Water-stress-induced thermotolerance of photosynthesis in bean (Phaseolus vulgaris L.) plants: The possible involvement of lipid composition and xanthophyll cycle pigments

A common feature in plants that are exposed to gradual stressful environmental factors is the development of a level of resistance to such constraints, which sometimes protects against different stressful environmental conditions. The aim of this study was to assess a possible cross-resistance between water stress and high-temperature stress and to gain a better knowledge regarding the physiological basis for heat resistance. The study was performed in two bean varieties; Orfeo INIA (OI) and Arroz Tuscola (AT) are a stress-resistant and stress-sensitive variety, respectively. An increased heat resistance in OI but not in AT results from water stress as revealed by the oxygen-evolution rate at 38 °C and the thermal threshold for non-reversible damage that was assessed by the temperature-dependent increases in basal fluorescence (F0); higher values of both parameters were observed in the leaves of water-stressed plants when compared to the control OI plants. The heat-shock proteins HSP70, HSP60 and HSP24 do not seem to be involved in the water-stress-induced resistance to high temperature because no difference in their contents was found between the water-stressed and control plants. The important features in the water-stressed OI plants, which can resist higher temperatures, are the maintenance of the xanthophyll pigment contents compared to the control plants and in contrast to the sensitive AT plants, an increase in phosphatidylglycerol and a reduction in the unsaturation level of the thylakoid fatty acids. The results from the comparative analyses of the xanthophyll, lipid and fatty acid compositions in the chloroplasts of well-watered and water-stressed AT and OI plants are discussed in terms of their possible involvement in conferring resistance to high temperature in water-stressed bean leaves.
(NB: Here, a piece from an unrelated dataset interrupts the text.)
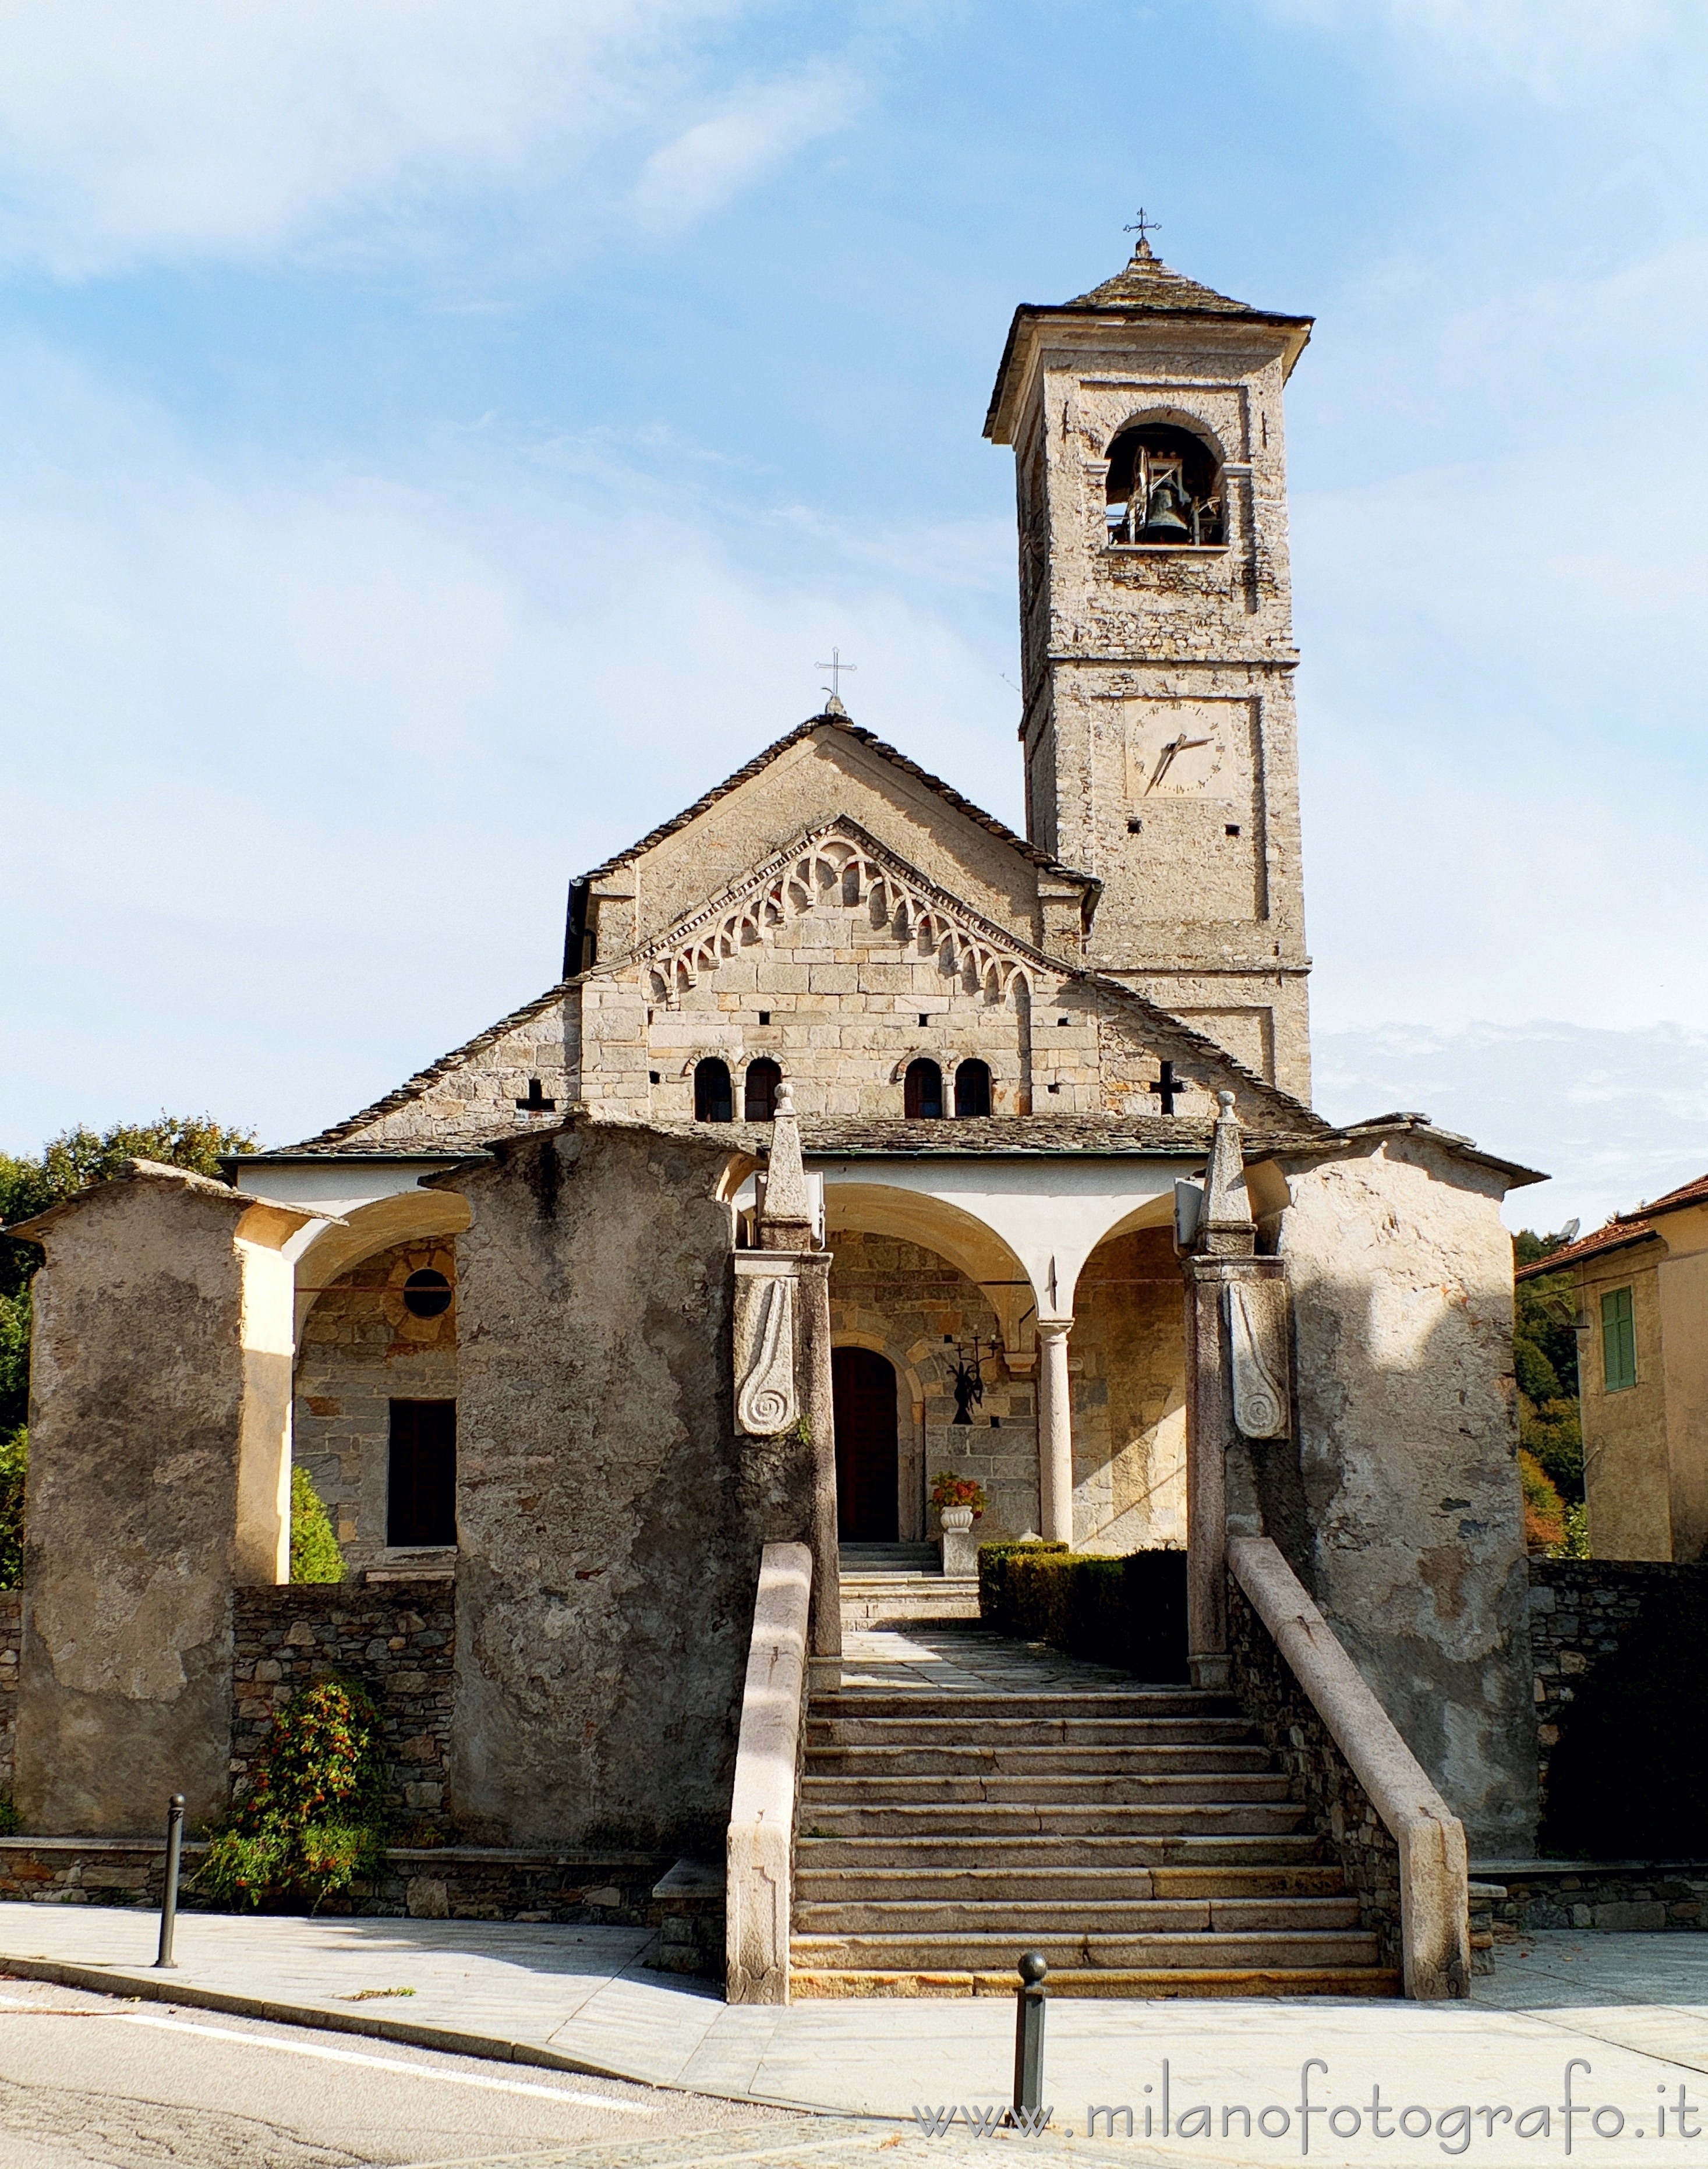 Brovello-Carpugnino (Verbano-Cusio-Ossola, Italy): Church of San Donato - Brovello-Carpugnino (Verbano-Cusio-Ossola, Italy)

► Water stress induces tolerance to high temperature in beans, as observed by oxygen evolution under non-photorespiratory conditions at 38 °C.
► Water stress induces an increase in temperature threshold for non-reversible damage, in OI, a stress resistant variety.
► Heat resistance does not depend on Heat Shock Proteins like HSP24, HSP60 or HSP70.
► Water stressed OI plants, maintains the xanthophyll pigments content in thylakoids, compared to control.
► Leaves from water stressed OI plants have higher PG lipid content and reduced unsaturation levels of the thylakoid fatty acids.